If the horse can be sold for meat, it gives the animal value.  Things with value are looked after better.  And it would give an outlet for all the lower end over bred horses with nowhere to go. 

There is a reason why cow/pig/sheep abandonment and neglect are very rare compared to horses.

And if they were potential meat animals then DEFRA would have to get off their ass and sort out the ridiculous mess that is the Horse Passport System.
		
Click to expand...

The French eat horse meat, though far less than most Brits imagine.  The horsemeat on sale in my local supermarkets is from Mexico, which has the most appalling welfare standards.  My local Cheval butcher buys his horse meat from Canada.

How would eating horses help?

The latest in the horsemeat scandal, here in France, is horses used for drug testing and vaccine production which are now in the human food chain.

The problem for those of breeding rare breeds is that we actually need to breed MORE not less but I only breed one or two foals a year of top quality of course!!

There are about 500 pure bred Cleveland bays in the world.  In 2012 just 20 pure bred foals - worldwide!!  

There are about 2,500 Shagya in the world.  In the days when the Imperial Stud at Babolna, Hungary  bred Shagya's for the cavalry mounts they bred 3,000 a year.


----------



## Kallibear (27 January 2014)

Rollin said:



			The French eat horse meat, though far less than most Brits imagine.  The horsemeat on sale in my local supermarkets is from Mexico, which has the most appalling welfare standards.  My local Cheval butcher buys his horse meat from Canada.

How would eating horses help?

The latest in the horsemeat scandal, here in France, is horses used for drug testing and vaccine production which are now in the human food chain.

The problem for those of breeding rare breeds is that we actually need to breed MORE not less but I only breed one or two foals a year of top quality of course!!

There are about 500 pure bred Cleveland bays in the world.  In 2012 just 20 pure bred foals - worldwide!!  

There are about 2,500 Shagya in the world.  In the days when the Imperial Stud at Babolna, Hungary  bred Shagya's for the cavalry mounts they bred 3,000 a year.
		
Click to expand...

Because we are not France or the rest of Europe and our welfare standards and regulations are far higher.  That's why Britiah meat is so expensive by comparison! It costs money to have high welfare standards.  But many,  like myself, are willing to pay the extra for high-welfare meat.  It's why I currently wouldn't eat horse meat., because the poor welfare of the countries it's currently coming from. We can't stop imported horse meat coming into the country but that wouldn't affect our own meat horses anyways. 

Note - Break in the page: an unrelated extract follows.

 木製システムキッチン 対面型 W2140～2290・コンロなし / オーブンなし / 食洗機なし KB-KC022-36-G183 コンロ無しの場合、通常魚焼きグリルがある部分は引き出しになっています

We have no shortage of horses  in this country,  quite the opposite. But the higher level well bred horses are alsi suffering because why would the average horse owner spend £3000 on a well bred foal when they can pick up an OK one from market for £30.


----------



## HBM1 (27 January 2014)

Kallibear said:



			Because we are not France or the rest of Europe and our welfare standards and regulations are far higher.  .
		
Click to expand...

I think the rather hideous hidden video footage of horse slaughter taken at the abbatoir last year would beg to differ with that statement.

not to mention the ones of pigs being tortured before slaughter.  I'm afraid until all of that stops, we cannot hold our heads up higher than any other country.


----------



## Rollin (27 January 2014)

Kallibear

How would you insure that the horse meat eaten was British and therefore subject to higher welfare standards, as opposed to imported from Mexico or Canada?  Cost of food is a real problem for British families.

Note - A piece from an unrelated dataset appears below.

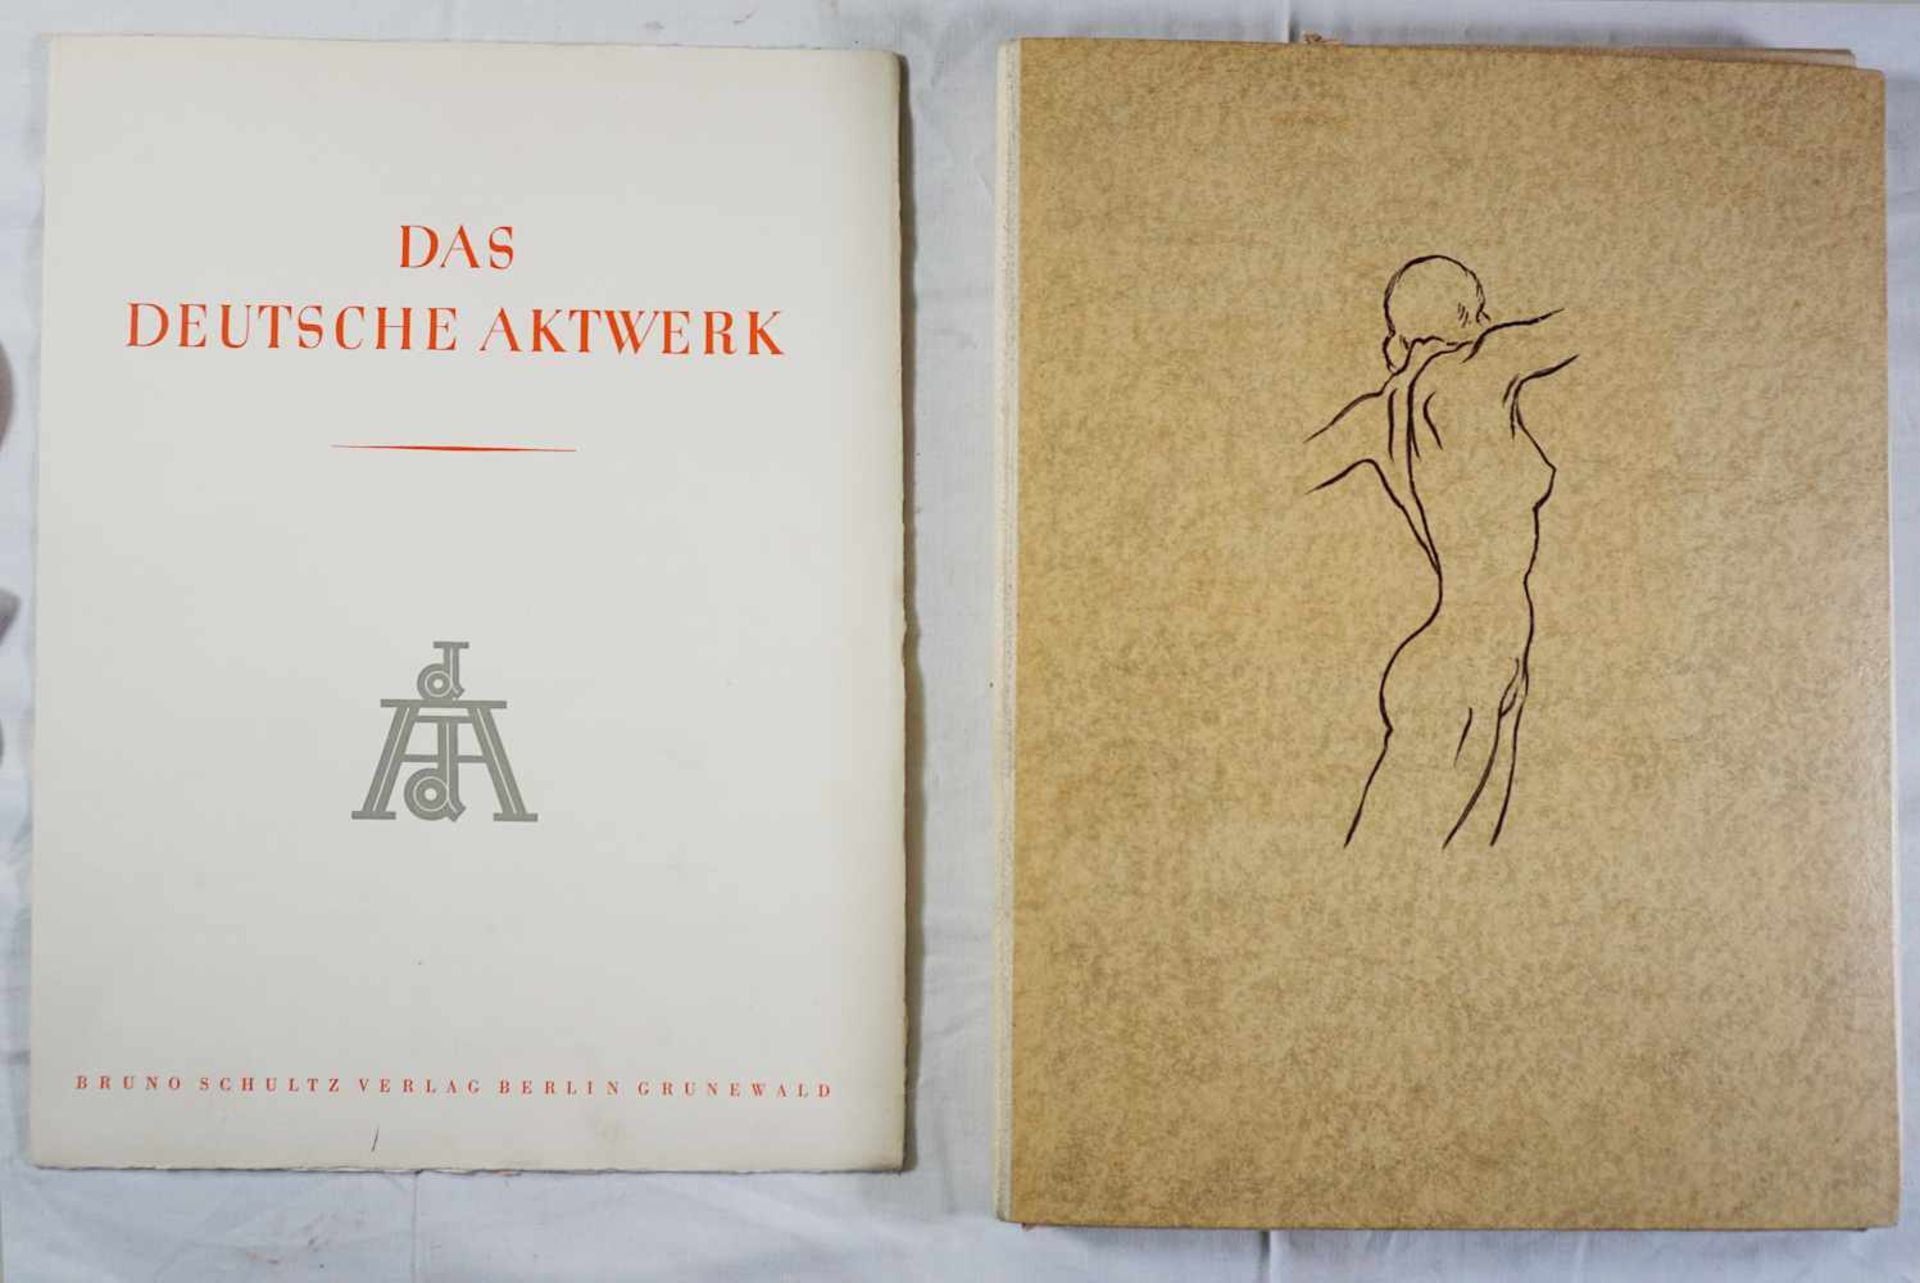 1 Künstlermappe "Das Deutsche Aktwerk" versch. FotografenBruno Schultz Verlag, Berlin

I hate to say this but I would suggest that the majority of UK housewives know far less about the origin of their meat than the very fussy French housewife.  I live between three villages, which between them support four bakers, three butchers and two specialist pork butchers.  I buy very little meat from a supermarket and every local butcher displays a notice with the name of the farm and breed of meat sold.

Horse Breeding in France is controlled by the National Stud.  Unlike the UK I can only stand a stallion if he has been both swabbed for CEM and vaccinated at the beginning of each breeding season.  All blood and swab results are fed back to the National Equine Database in France.  If there is any viral outbreak anywhere in France I am notified by email.

I think that there are some very high standards in Continental Europe.  The film of one horse abattoir in the UK would suggest that actually standards are not upheld.


----------



## kittywilkinson (28 January 2014)

I think breeding needs to be regulated quite strongly in the UK.  There needs to be some system in place where stallions are mares are limited to how many foals they can make in a year/breeding programme. Possibly with owners limited to numbers that they can breed. Not sure how this would be policed, or put in place. But I think this would work as an idea to work on by the authorities necessary.  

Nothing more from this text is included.